Flights? Hotels? Attractions? All here, in one app

The idea for a trip planner came about beacuse I wanted to refine the process for how trips were planned, from the hotel and flight reservations to choosing what places to visit. With so many websites offering different services, it can be hard to make a cohesive plan for a vacation. The idea with VacayAway was to make an app that was able to combine hotel reservations, cheapest flight selections, and intelligent itinerary planning and scheduling all in one app. Check out the VacayAway source code here.

I am completing this project individually.

Tech Stack:
Python Javascript ReactJS PyTorch Flask
GoogleCloud Firebase
LufthansaAPI GoogleMapsAPI AmadeusAPI

Storage and Authentication

I wanted to approach the development of the project working through the app as a user would navigate though it, starting with user navigation. Instead of setting up my own backend like I had done in a previous project with MongoDB, I wanted to try getting comfortable with cloud services, such as Google Cloud and Firebase.

Firebase allowed for simple authentication and storage, so I started incorporating these Firebase services into the ReactJS UI and storing info in a JSON-like format in the database. The Firebase database UI is shown here.

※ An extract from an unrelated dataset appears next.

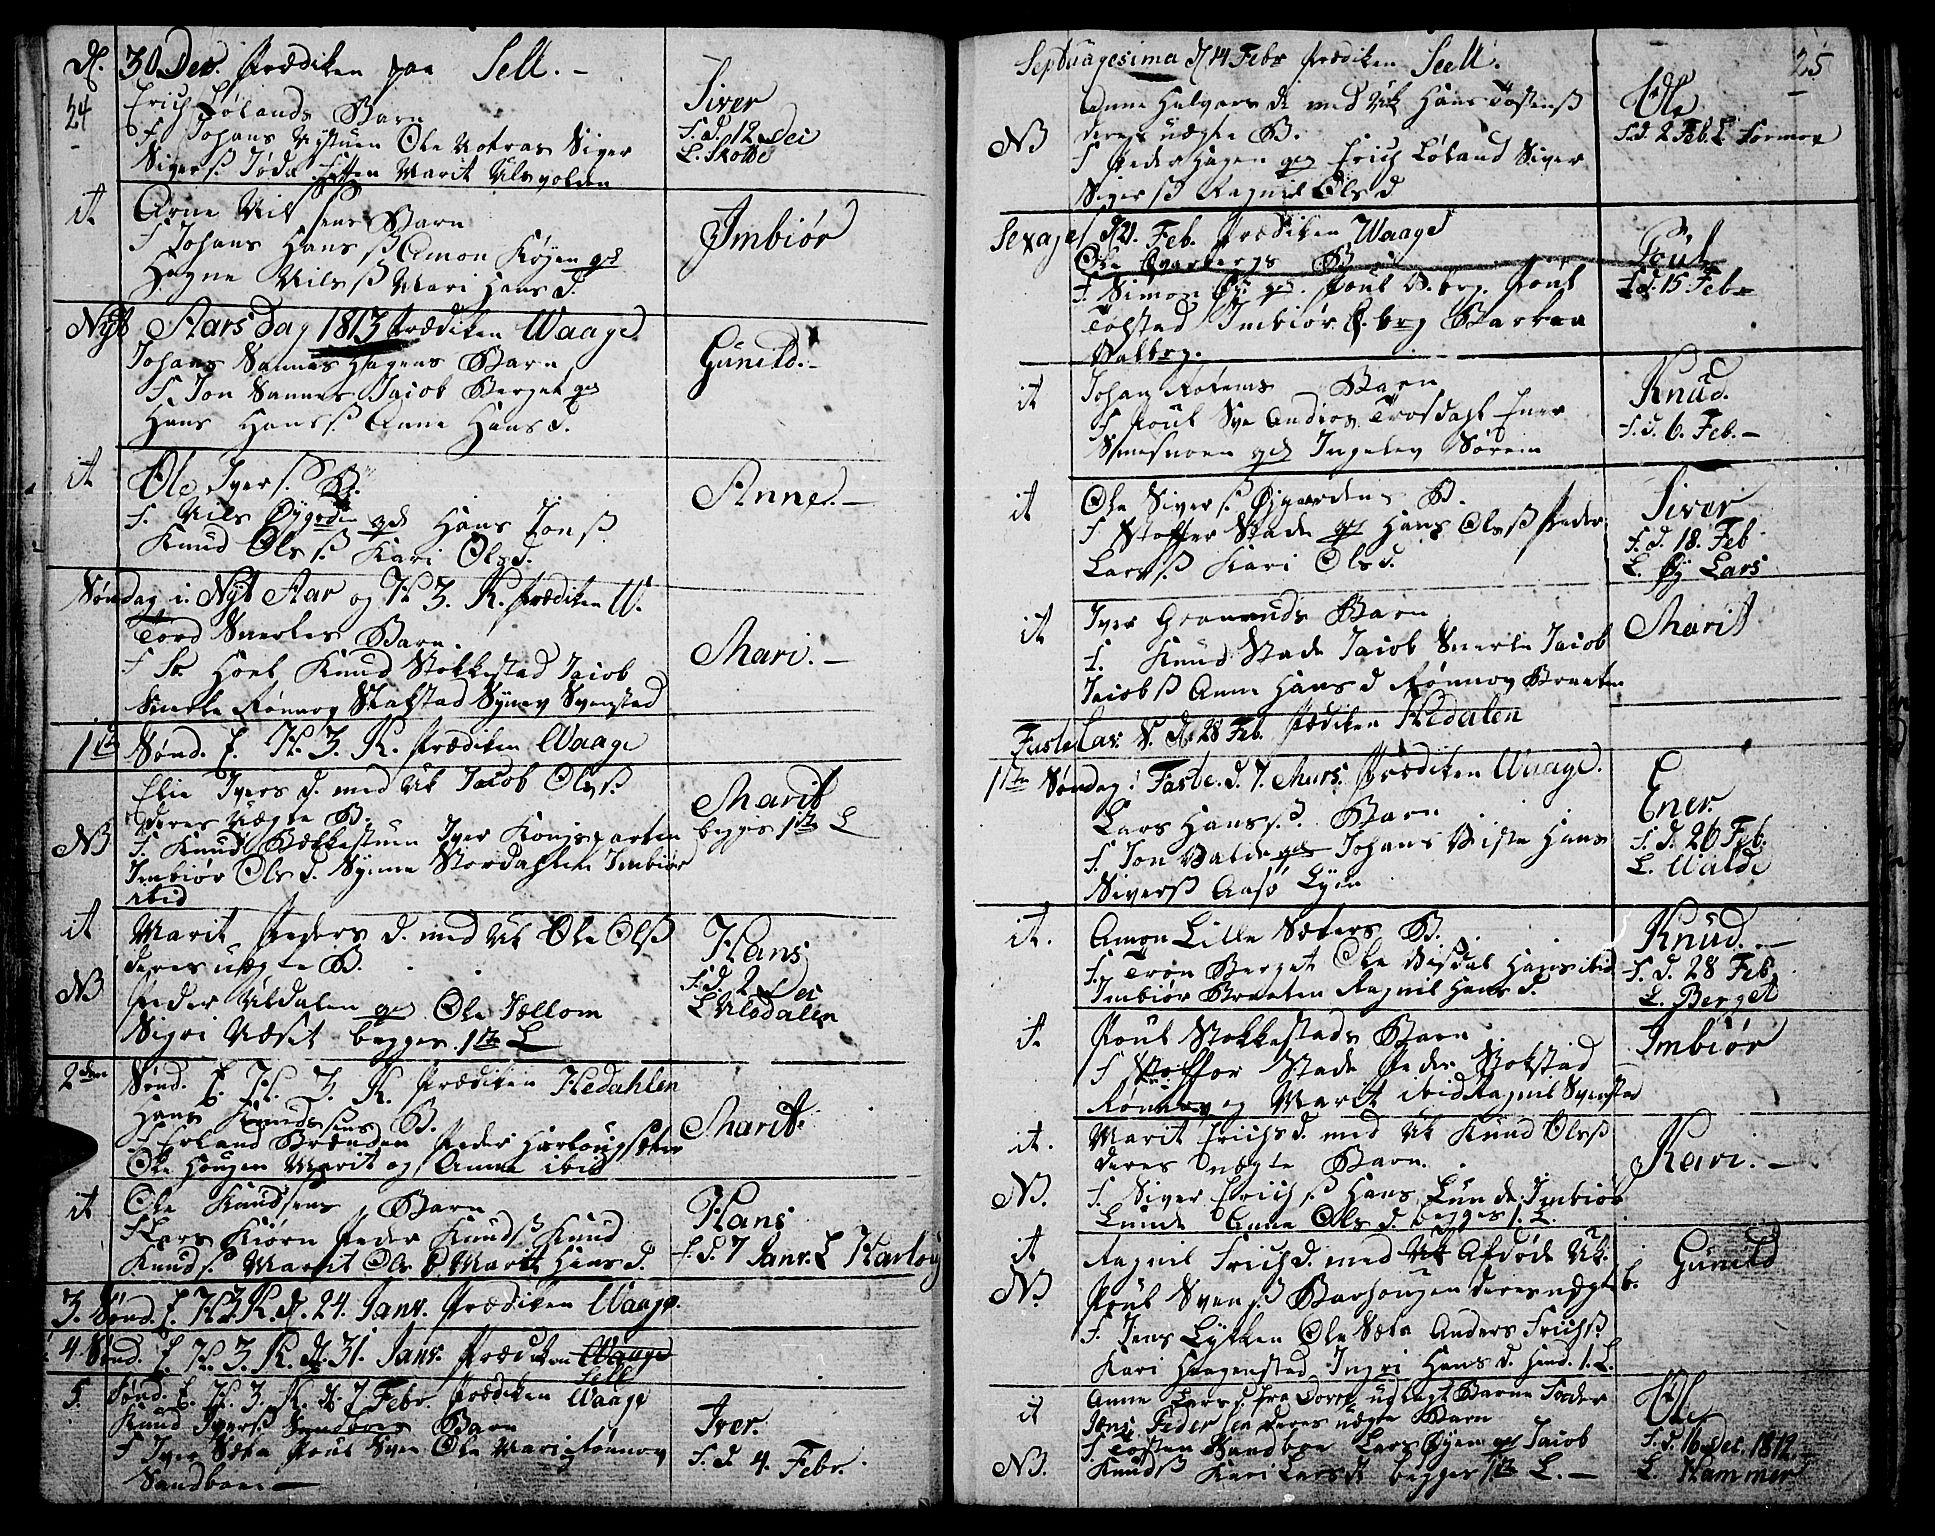 SAH, Vågå prestekontor, Ministerialbok nr. 2, 1810-1815, s. 24-25

Info Gathering and Data Cleaning

A big part of the project consisted of getting the required infomation from various sources. There was no central database to find cheapest flights, things to do, and hotels all in one place, so I spent some time identifying APIs that could be readily integrated into the program. Preferably, I tried to use APIs that had a free tier and would allow for many API calls to ensure an unhindered testing process.

APIs of notable mention include the Lufthansa API and Amadeus API which I used collectively to find flights, the Google Places API to find attractions and hotels, and the Google Maps API to visually display all of the above. Seen right is an example of a Google Places API call in the browser environment.

Flask and Servers

Once I identified a list of attractions, I needed to find a way to intelligently organize them so that on a particular day, a tourist wouldnt be travelling to opposite ends of the city to complete their itinerary.

K-means grouping is a method of machine learning (unsupervised learning) which groups points into clusters. I implemented k-means grouping using PyTorch in a Python app, and by connecting the ReactJS frontend with the Python app using Flask, I was able to quickly group the attractions and display them on the map. Seen left is an example of two clusters of attractions.

Future Development Steps

With the k-means grouping complete, I simply need to find a way to schedule events throughout the day and display the itinerary in user-friendly format. Since I have already incorporated the database into the program, this information will persist in the program even if the user logs out.
I am currently working on hosting the app using Firebase Hosting, but with the inclusion of the Python Flask server, I have to revisit my plan for how to host both the frontend ReactJS and the Flask app together.
Other than these core features, the rest of the development will focus on improving the program's UI and user's overall experience.